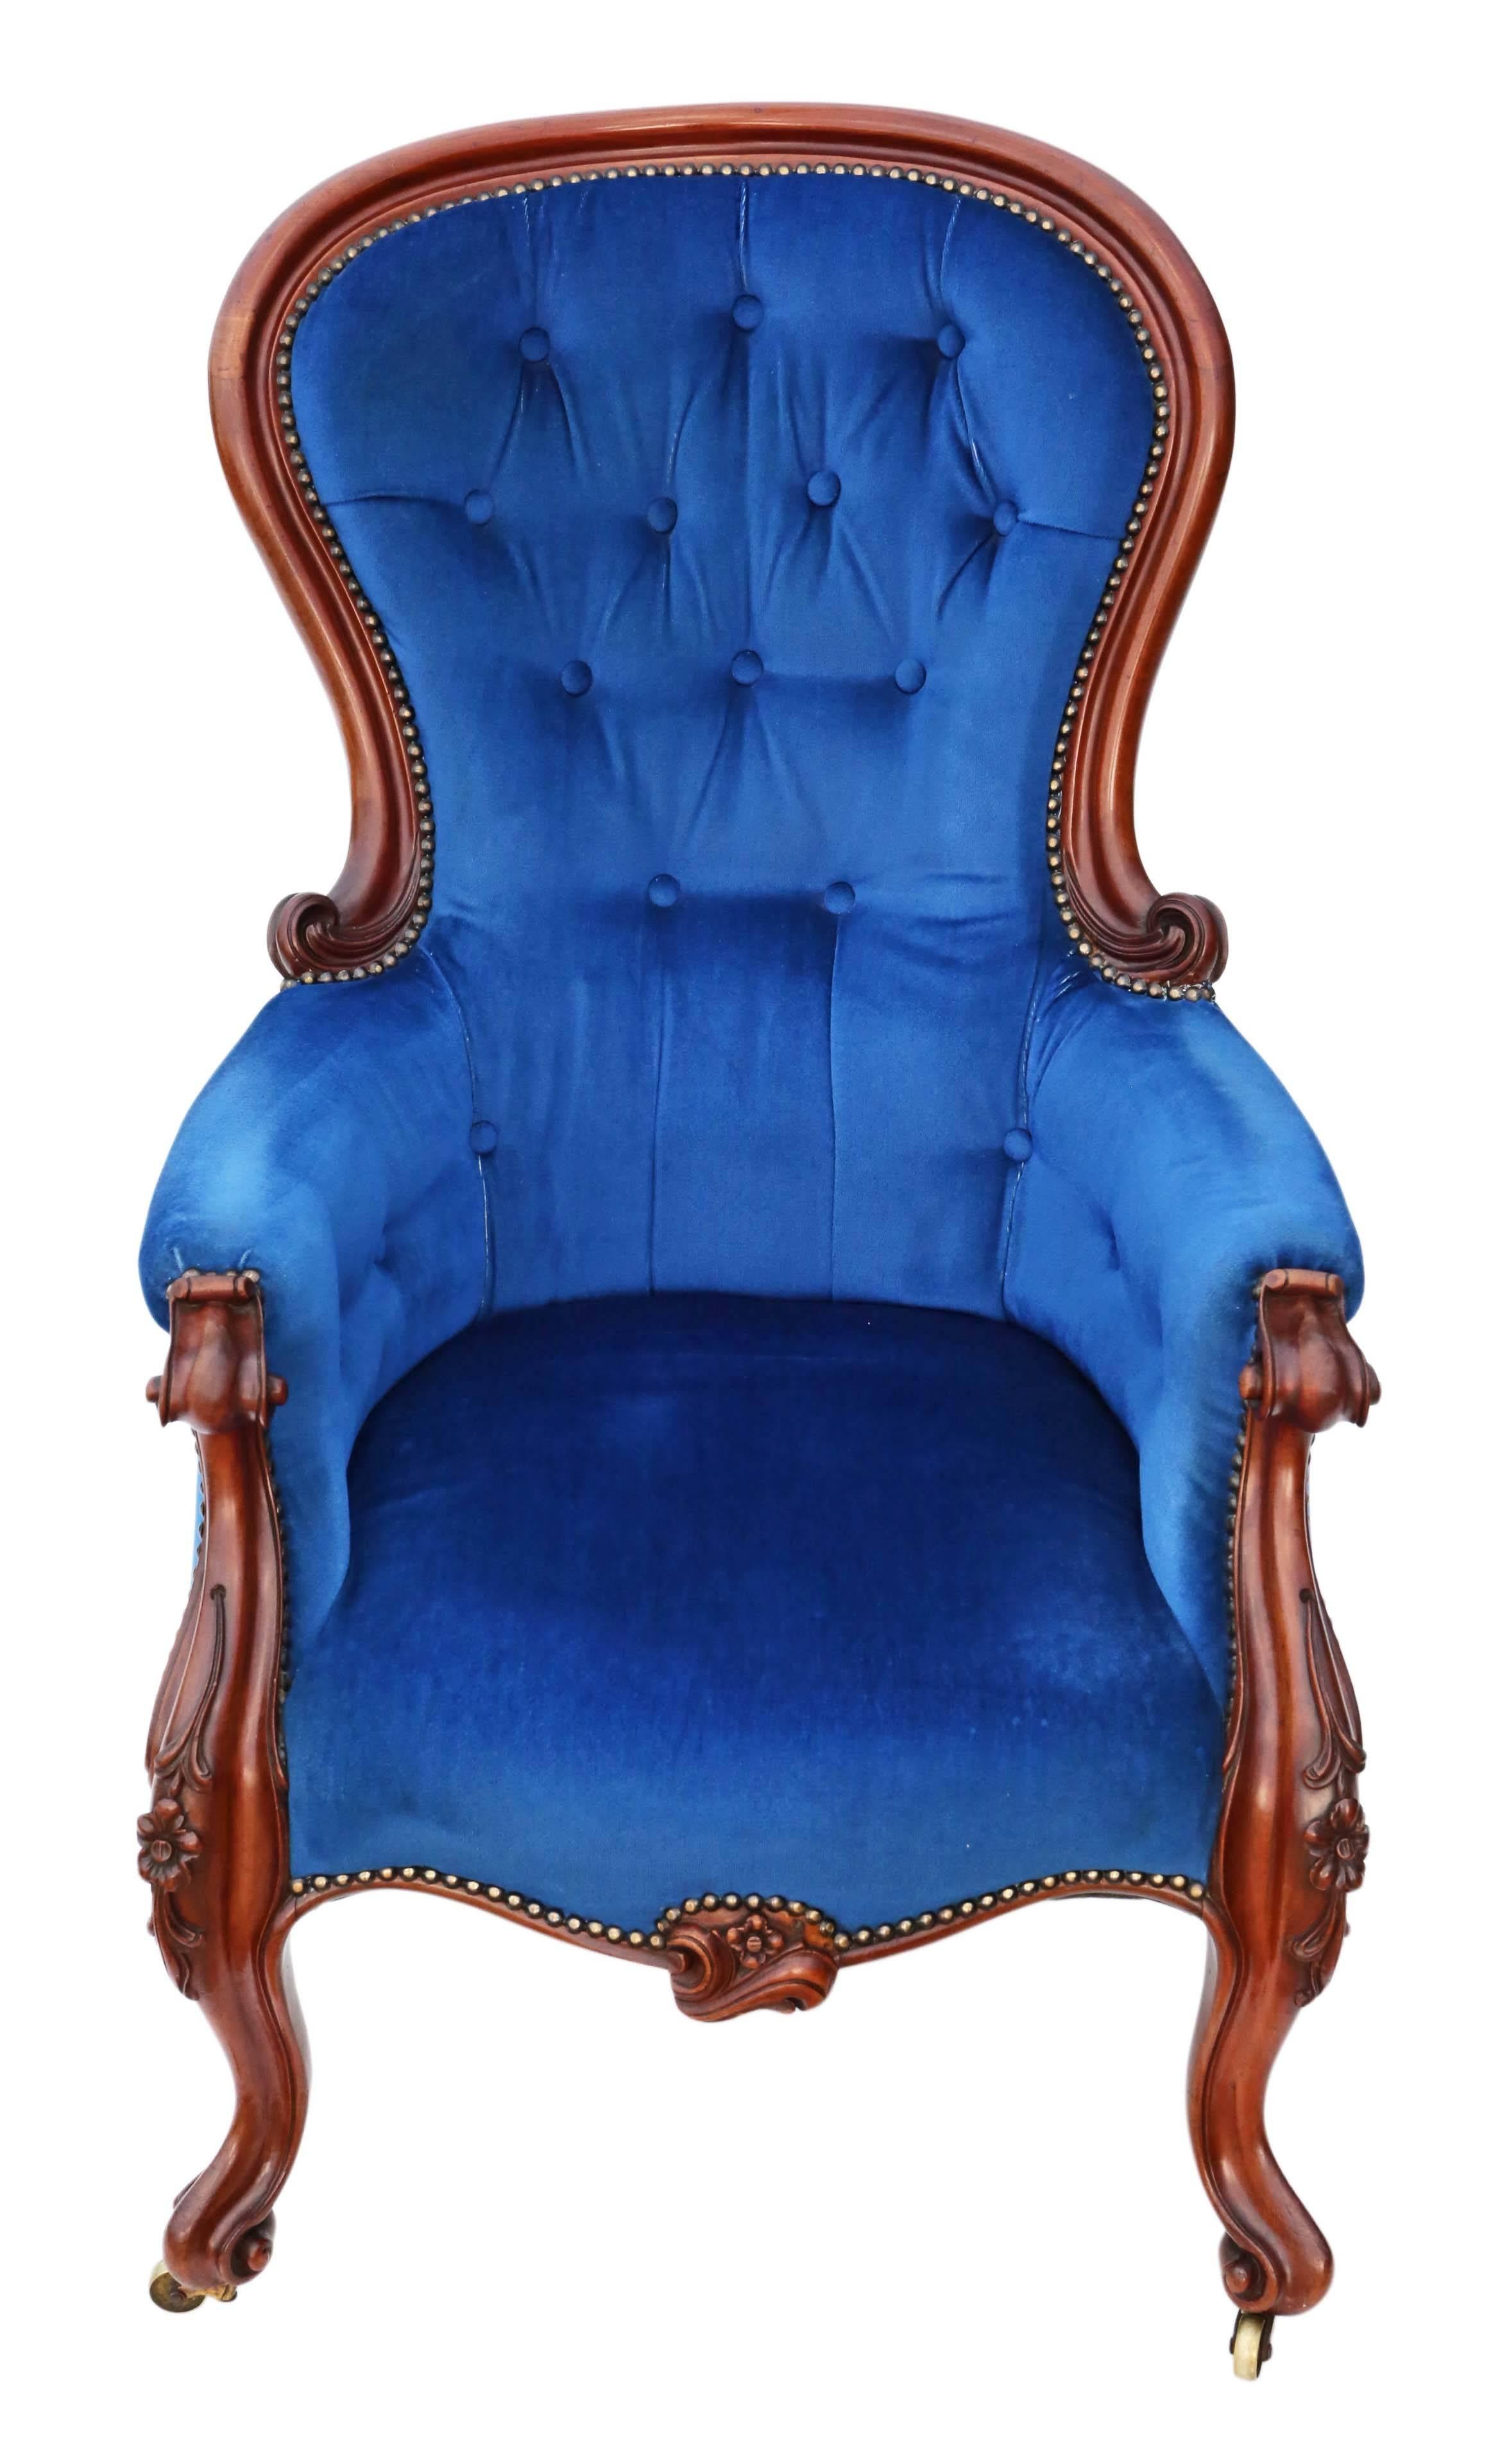 Antique quality Victorian circa 1870 mahogany slipper spoon back armchair.

Solid, no loose joints and no woodworm. Full of age, character and charm. A very decorative chair. The royal blue velour button back upholstery is not new, but has little
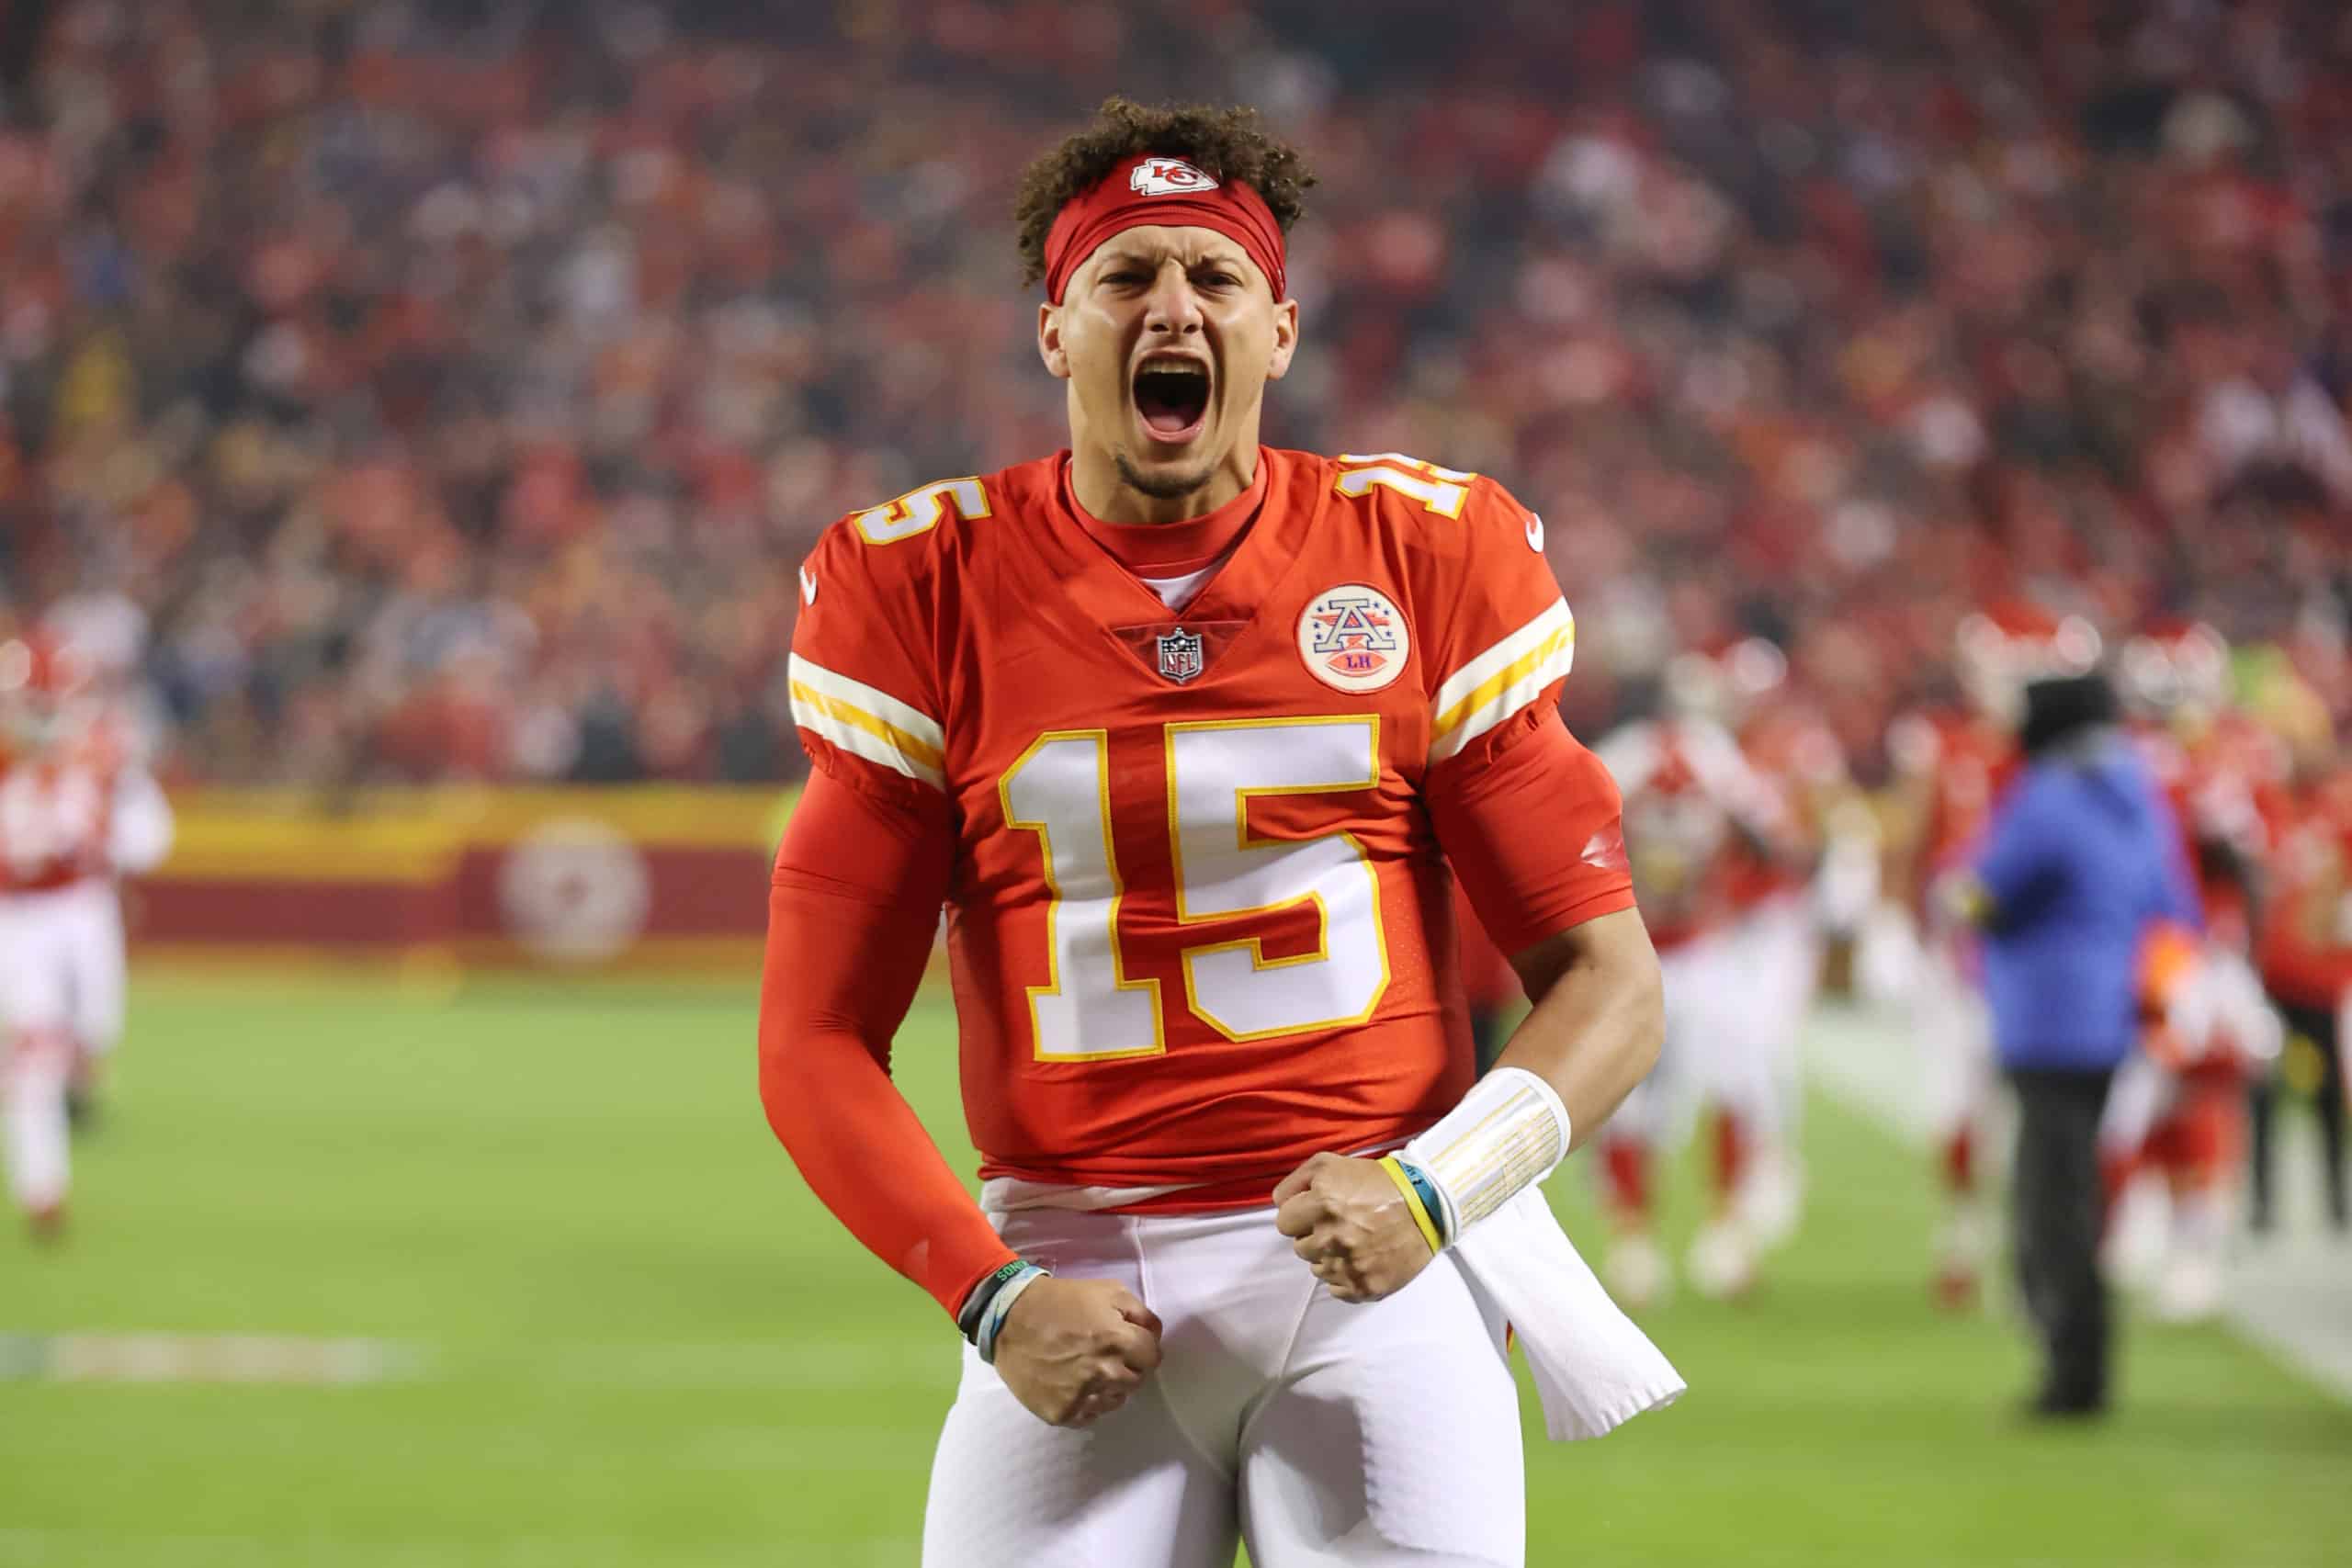 Will Patrick Mahomes reach new heights in 2022?
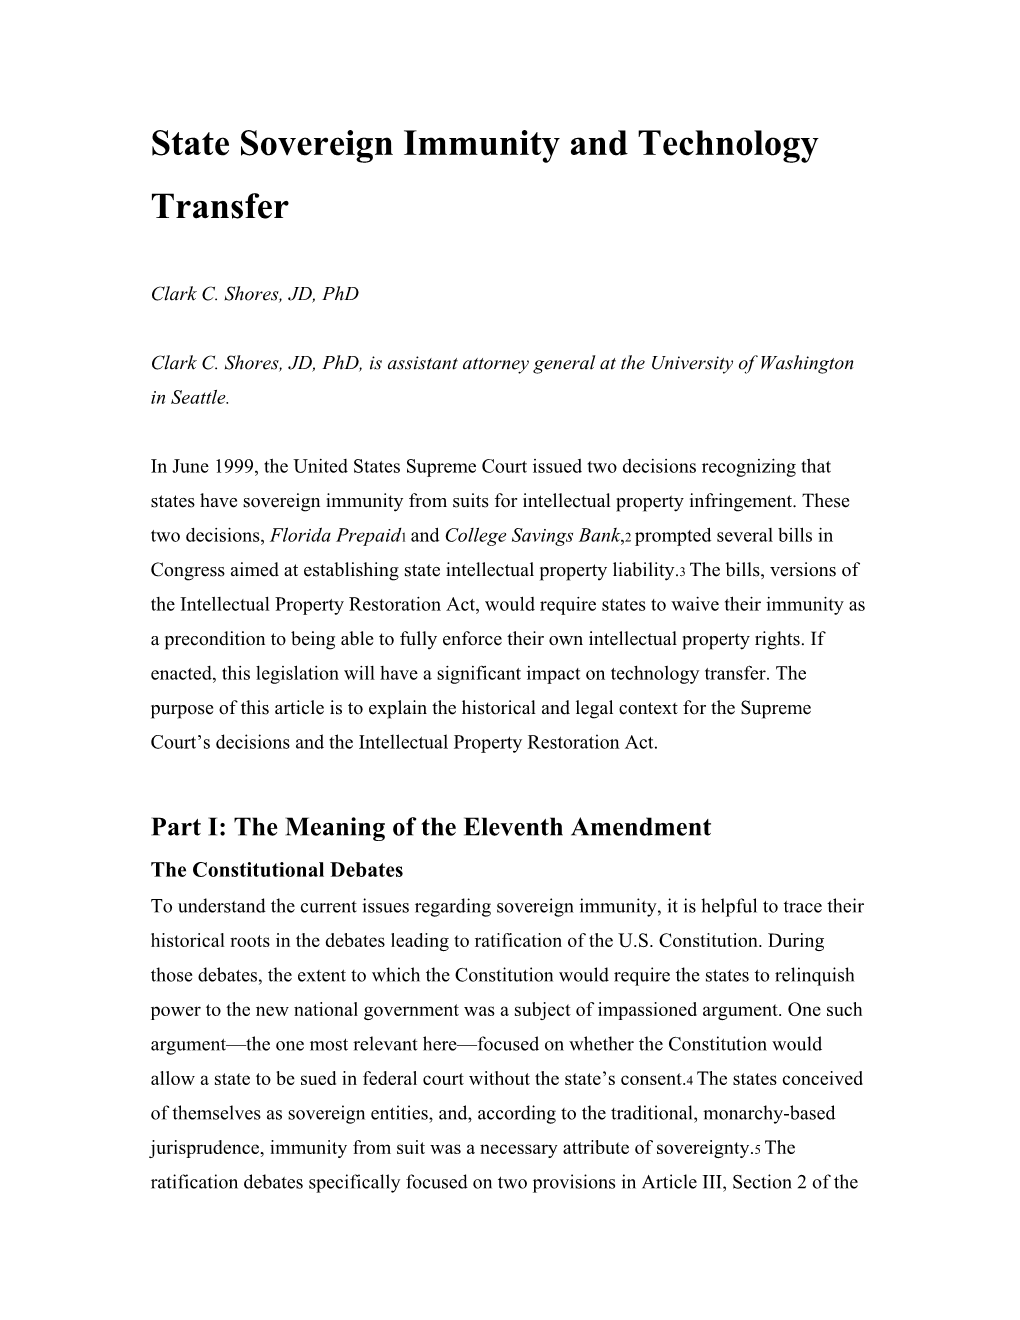 State Sovereign Immunity and Technology Transfer

> WORK ITEM
Restate the material above word for word, omitting the pictures.

> ANSWER TO THE PROBLEM
 Antique quality Victorian circa 1870 mahogany slipper spoon back armchair.

Solid, no loose joints and no woodworm. Full of age, character and charm. A very decorative chair. The royal blue velour button back upholstery is not new, but has little
 Will Patrick Mahomes reach new heights in 2022?
 State Sovereign Immunity and Technology Transfer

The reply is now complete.